- [The data]
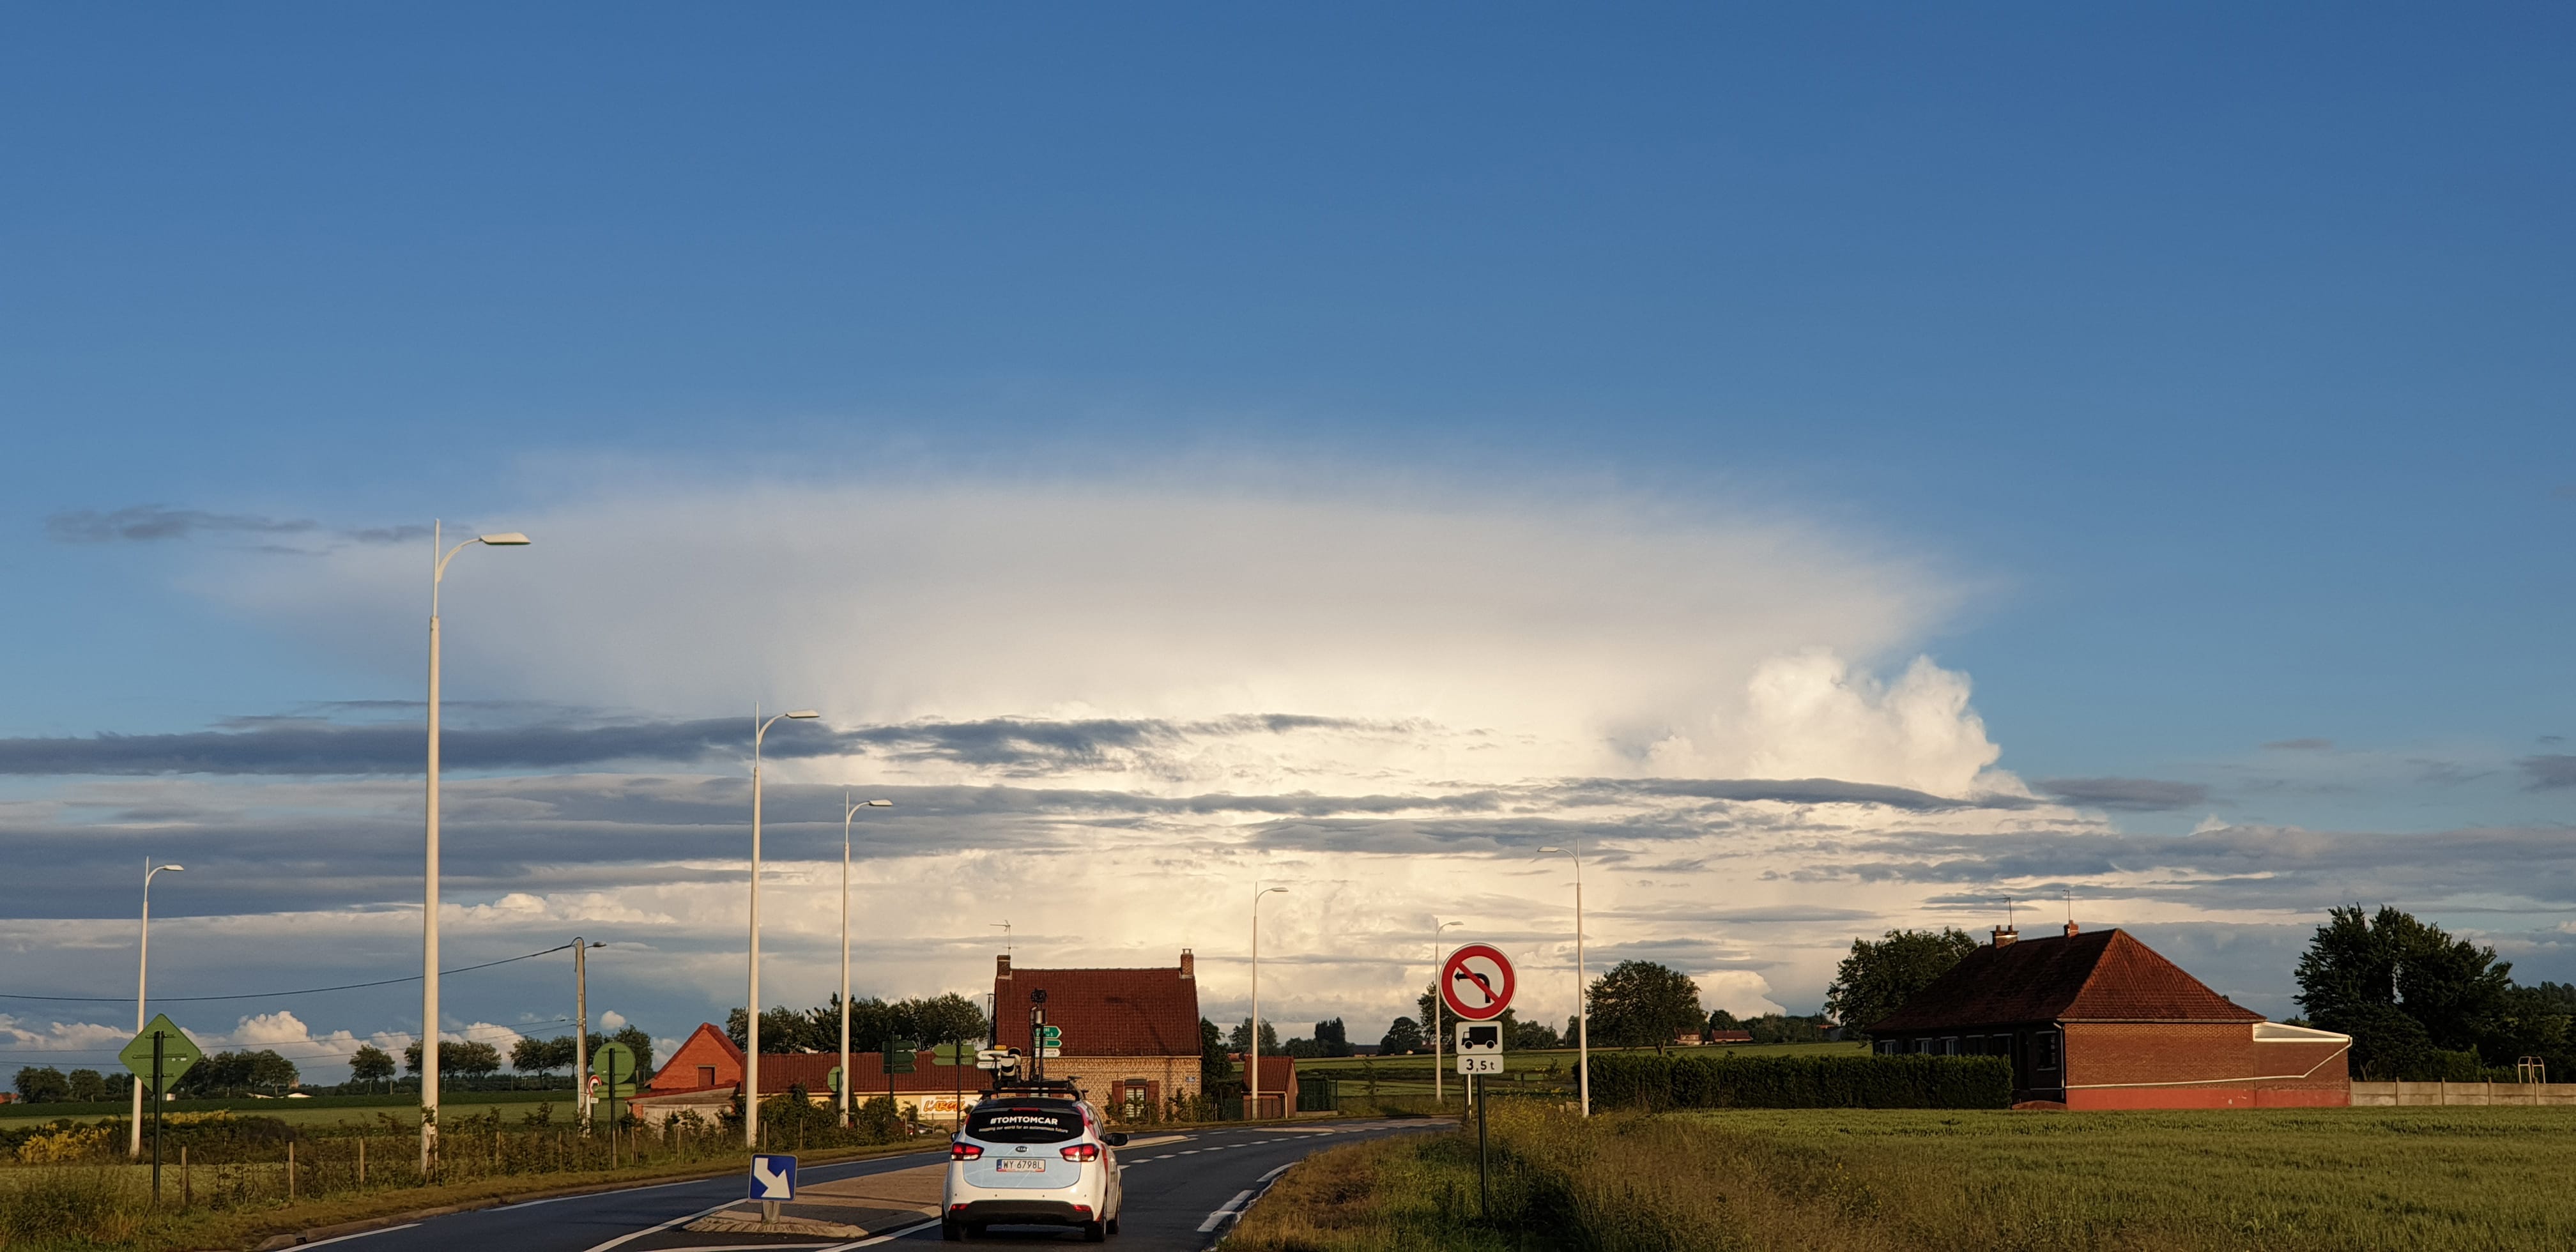 Cumulonimbus photographié hier soir vers 21h. Vu la distance, l'orage devait se situer du côté de l'Avesnois ou de Lille. Photo prise près de Saint-Omer. - 12/06/2019 21:00 - Kévin Dubois
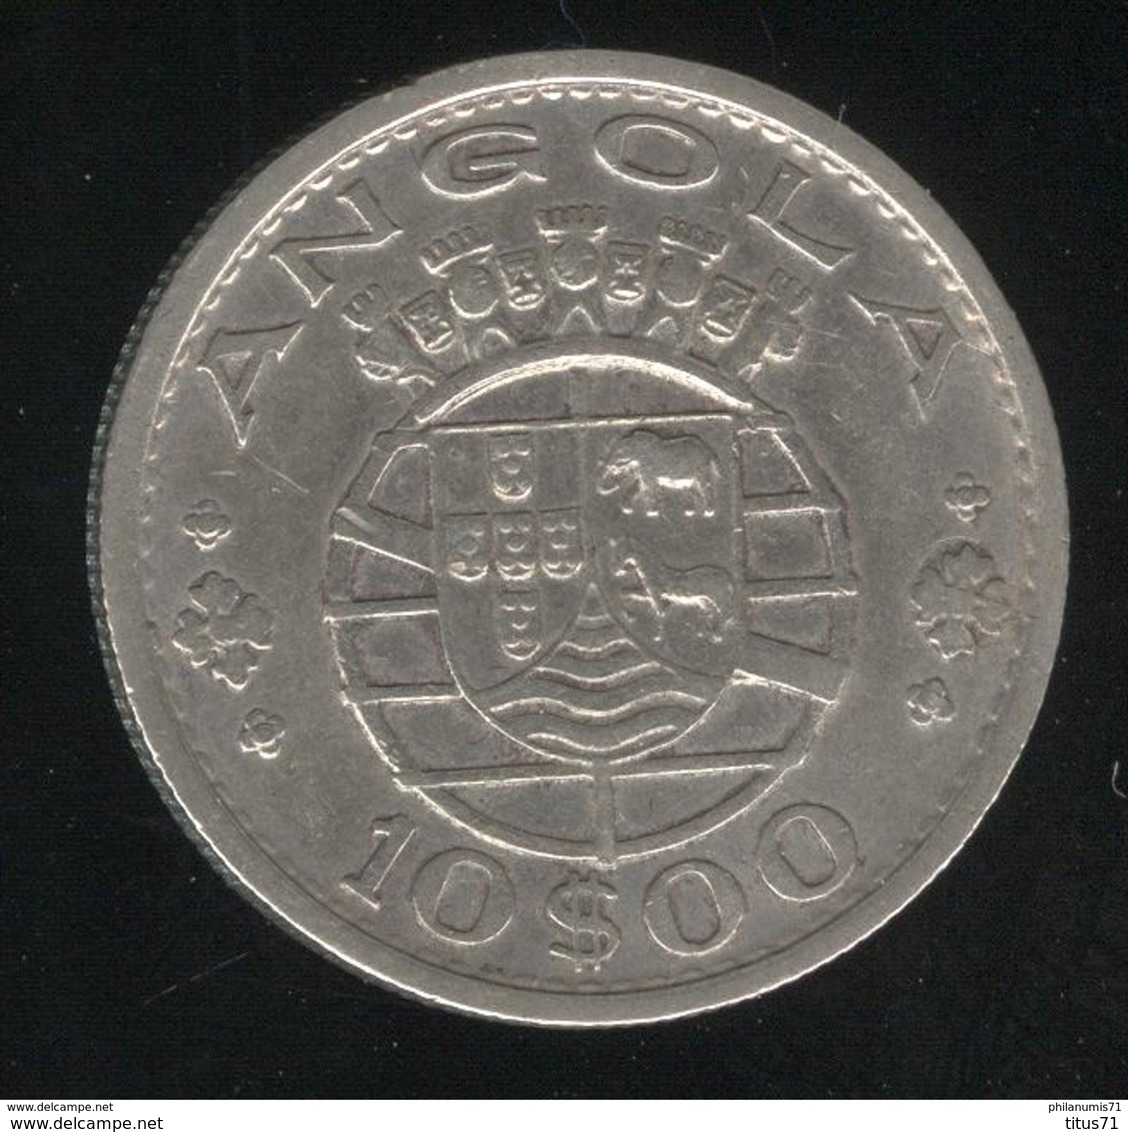 10 Escudos Angola 1952 - Colonie Portugaise / Portuguese Colony - TTB - Portogallo
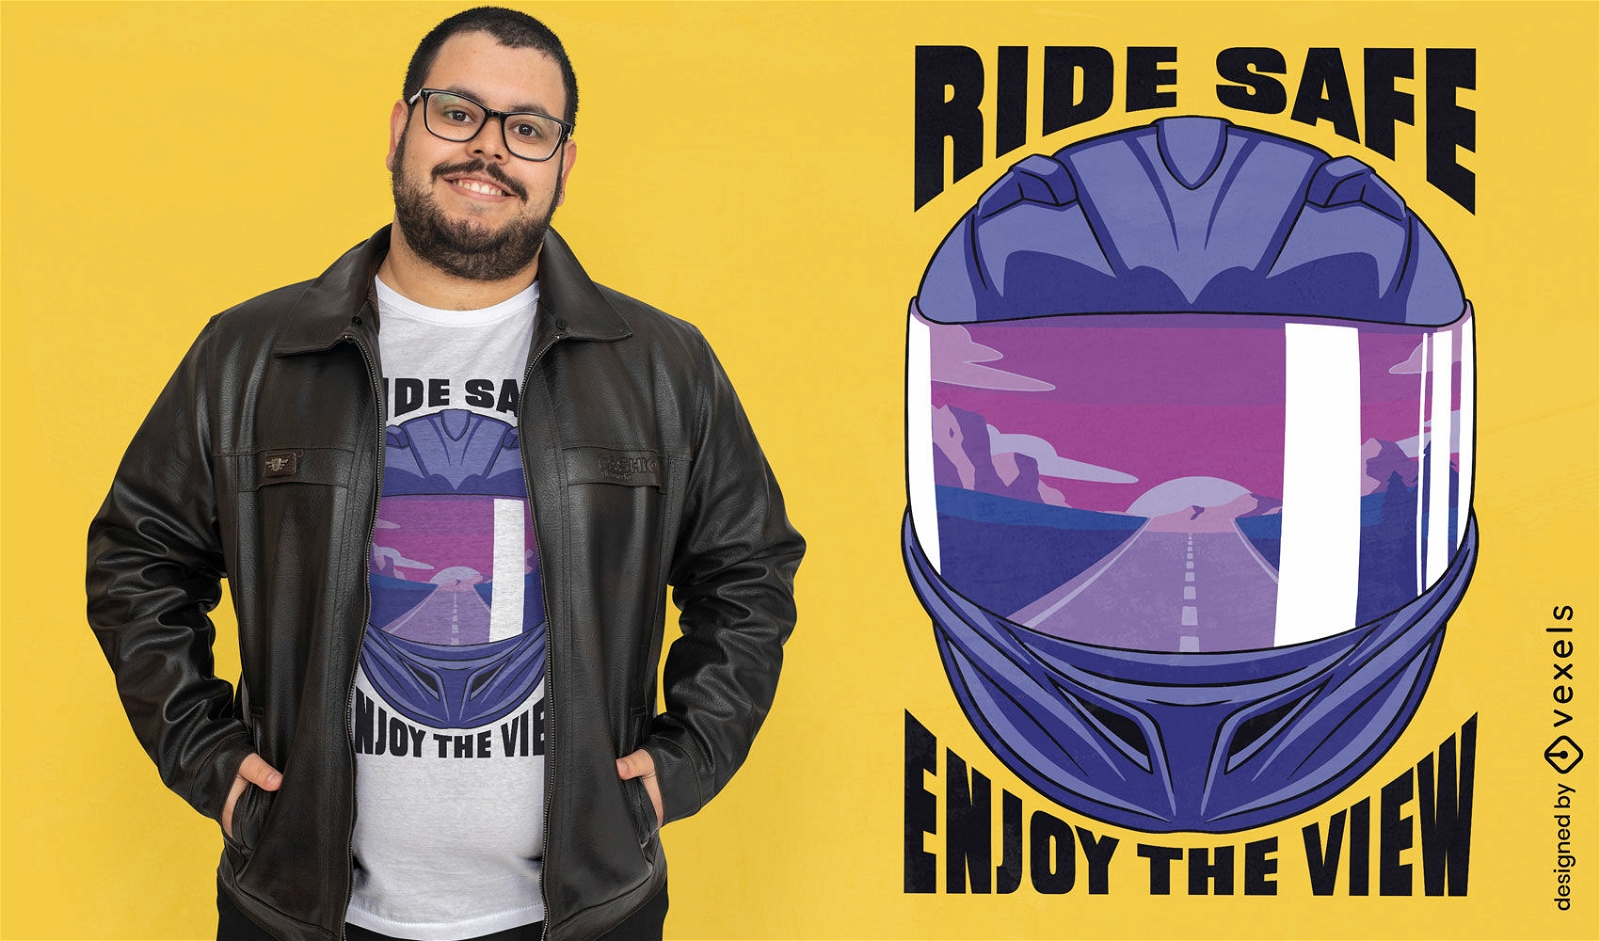 Fahren Sie sicher und genie?en Sie das Biker-T-Shirt-Design

- [Your assignment]
Output each of the lines above exactly, apart from the images.

- [Answer to the problem]
 Cumulonimbus photographié hier soir vers 21h. Vu la distance, l'orage devait se situer du côté de l'Avesnois ou de Lille. Photo prise près de Saint-Omer. - 12/06/2019 21:00 - Kévin Dubois
 10 Escudos Angola 1952 - Colonie Portugaise / Portuguese Colony - TTB - Portogallo
 Fahren Sie sicher und genie?en Sie das Biker-T-Shirt-Design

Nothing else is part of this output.